The idea of a bank-sponsored BGF was first raised last year, by then Chancellor, Alastair Darling, in response to the general downturn in lending. With net lending down six per cent in the last 12 months, he hoped making funds available in this way would stimulate future growth – and have a lasting, positive effect on the economy.

Darling proposed working with the major high street banks to establish an investment fund for small and medium-sized businesses to tap into. Signing up Lloyds, Santander and Clydesdale, Darling created a £200 million resource that aimed to reach £500 million of capital. Other banks were less keen to get involved – saying that civil servants’ preference for distributing monies to existing venture capital firms would not build capacity in the market.

Then in July, while coming under political pressure to increase business lending from the new Coalition Government, the major banks took on the project for themselves.

What’s the thinking behind it?

Explaining the thinking behind it Chancellor, George Osborne, and Business Secretary, Vince Cable explained: “This government has always insisted that banks need to increase lending to our essential small businesses, in order to support economic growth, while also restoring customer trust.”

So, which banks have signed up?

The new fund, backed by Barclays, HSBC, Lloyds, Royal Bank of Scotland, Santander and Standard Chartered, aims to invest in individual companies with a turnover of between £10 million and £100 million, in return for an equity stake of at least ten per cent.

Managed by an independent investment company based in London and a range of regional offices, banks will put £350 million into the pot over the next two years – spreading the rest of the total £1.5 billion contribution between now and 2020.

As Fund Chairman and Barclays Chief Executive, John Varley, explains: “As banks we have an obligation to help the UK economy return to growth. The private sector will play a key role in the recovery and it’s our job to help viable firms to be successful.”

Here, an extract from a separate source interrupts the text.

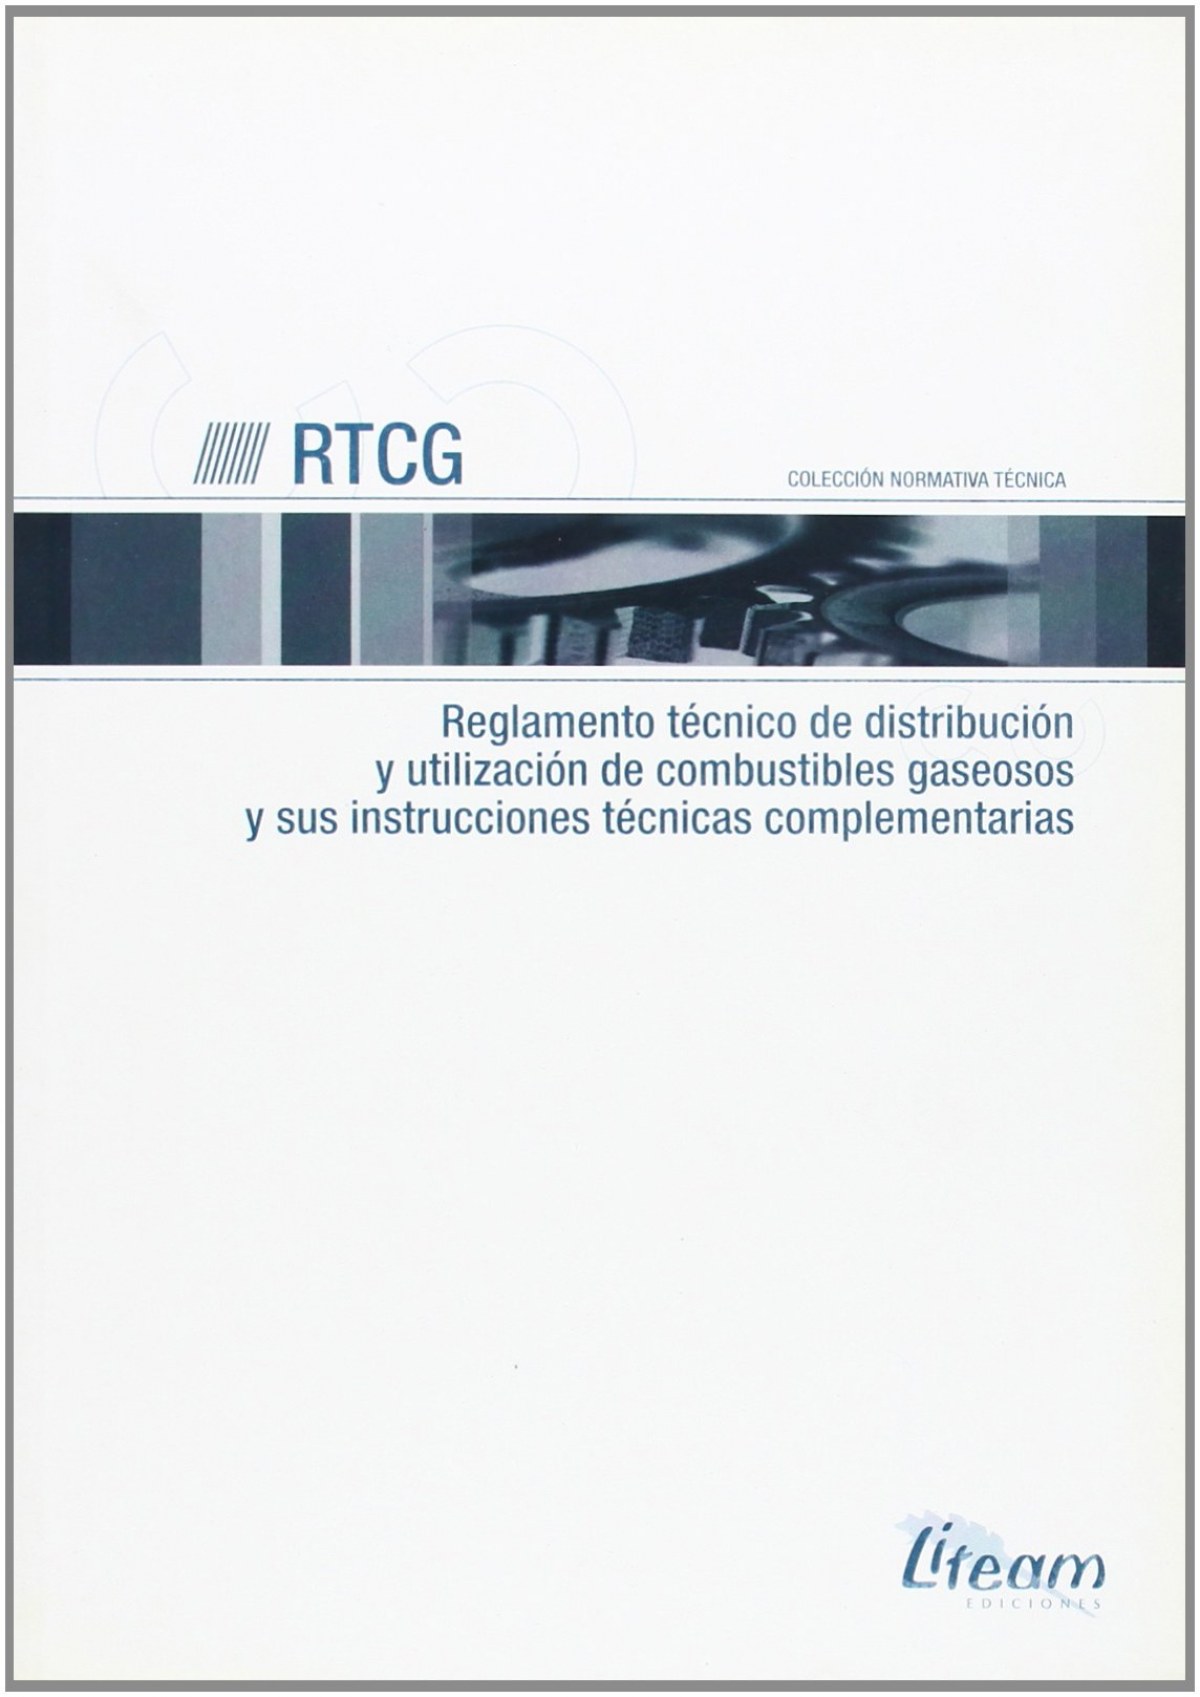 RTCG. Reglamento técnico de distribución y utilización de combustibles gaseosos y sus instrucciones técnicas complementarias - Vv.Aa.

What can the fund achieve?

But Angela Knight, chief executive of the British Bankers Association, says and her members are still cautious about how much the fund can achieve – and says its scope could be limited.

“The anticipation at the moment is it will do about 75 companies a year, a bit like where 3i (an international investment company) used to be when it was in this sector,” she explained. “That figure will also depend on what businesses want and we are hopeful that others will come in and commit to the fund.”

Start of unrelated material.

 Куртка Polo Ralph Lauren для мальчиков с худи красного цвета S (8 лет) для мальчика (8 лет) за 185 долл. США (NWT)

The BBC’s Business Editor, Robert Peston, agrees – urging a seasoned, measured view of what the BGF can hope to achieve.

“It is important not to get too carried away,” he says. “I calculate that it will be able to provide risk capital to around 250 middling companies over a number of years (based on the banks’ assertion that they’ll provide £1.5 billion of equity finance in individual lumps of between £2m and £10m).

“That will be seen as a useful contribution to the growth potential of a segment of the economy that has typically found it hard to raise capital. But it won’t be transformative.”

It may not be the cure-all solution that the Coalition originally hoped for but with such a large amount to invest, the BGF’s contribution will at the very least represent step in the right direction.